THE Australian Institute of Office Professionals hosted breakfast functions in cities throughout the country on Wednesday April 23 to recognise the achievements of the nation’s office professionals.
The WA event was held at the Hyatt.
WA AIOP president Gail Lilly said the event, formerly known as Secretaries Day, was renamed Office Professionals Day two years ago to take account of the expanding job description of modern secretaries.
“Business are demanding that employees become more multi-skilled and the AIOP acknowledges this changing role,” Ms Lilly told WA Business News. “We promote cross training and the embracing of further studies.”
Carol Ward has worked at Grant Thornton for more than 24 years.
“I consider myself an office professional, really. I feel I know everything about the company,” she said.
WA Local Government Association employee and AIOP judge Helen Haley said: “Personal assistant, payroll officer, whatever you want to call them, they are the company backbone”.
Ms Ward said office professionals were integral to the success of a business,
“We free up their [other colleagues] time so they are able to do other tasks,” she said.
Ms Lilly echoed this sentiment when she told the breakfast that CEOs were only as good as their office professionals.
Although Ms Haley said any stigma attached to the word ‘secretary’ had gone, male faces – apart from Channel Nine presenter Peter Holland and former WA premier Richard Court – were few and far between at the breakfast.
Ms Lilly said secretarial and administrative work remained a profession dominated by women, with 98 per cent of AIOP members being female.
This year’s top AIOP award went to Richard Court’s personal assistant of 21 years, Wendy Ireland.

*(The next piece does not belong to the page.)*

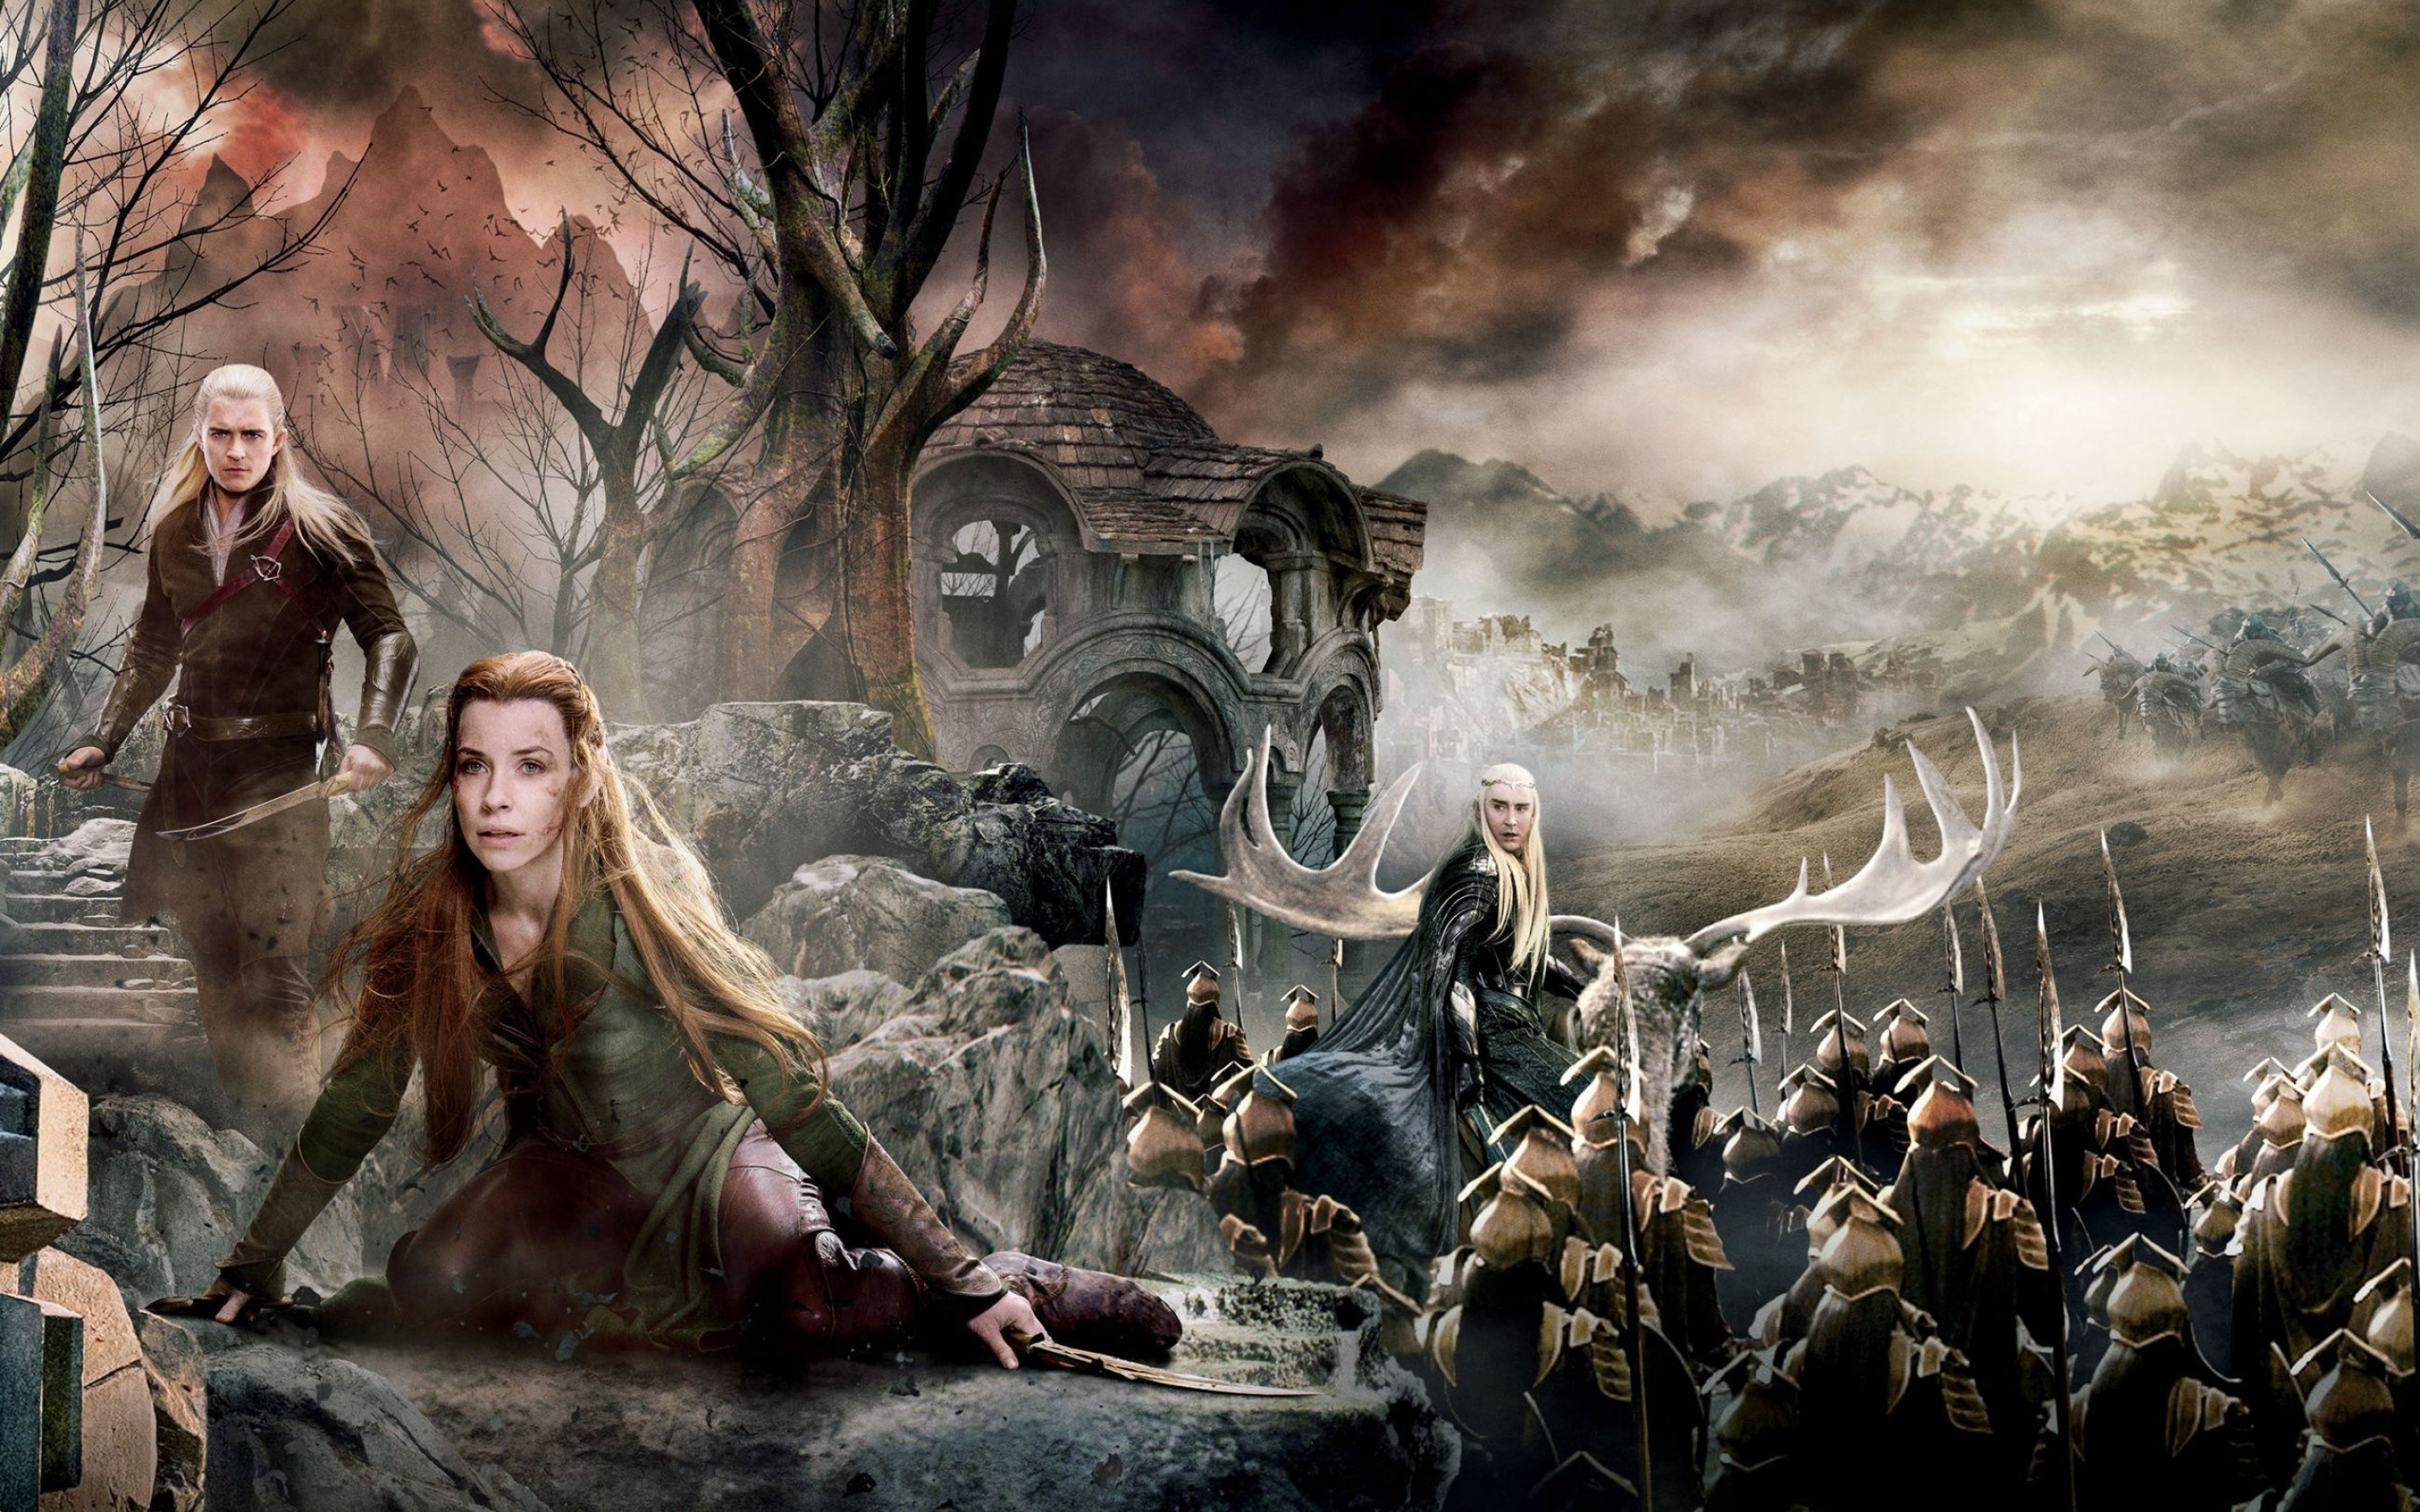 Battle of the Five Armies, Harry Potter, Dual screen wallpapers, Movie crossover, 2880x1800 HD Desktop

A self-confessed quiet achiever, Mrs Ireland has many strings to her bow, including holding a current pilot’s licence.
Accepting the award, Mrs Ireland said the role had been under-rated and undervalued for too long, and urged office professionals to work harder and take on more responsibility.
Mrs Ireland listed loyalty as the key to good employer-employee relations.
The encouragement award went to Mellissa Mclean for her reception-administration assistant role at the Waters and Rivers Commission Swan River Trust, while Maree Clune, the administration assistant to WA Newspapers chief-of-staff Chris Manly, won the achievement award.
Nationally, the AIOP has 2500 members, with 280 coming from WA. Ms Clune said AIOP experienced an average of 20 per cent growth in membership per year.
The WA branch has 35 corporate members including Edith Cowan University, Burswood and City of Sterling.
Those seated at the Burswood table decided the definition of a good secretary was someone who had, “patience, patience and more patience”.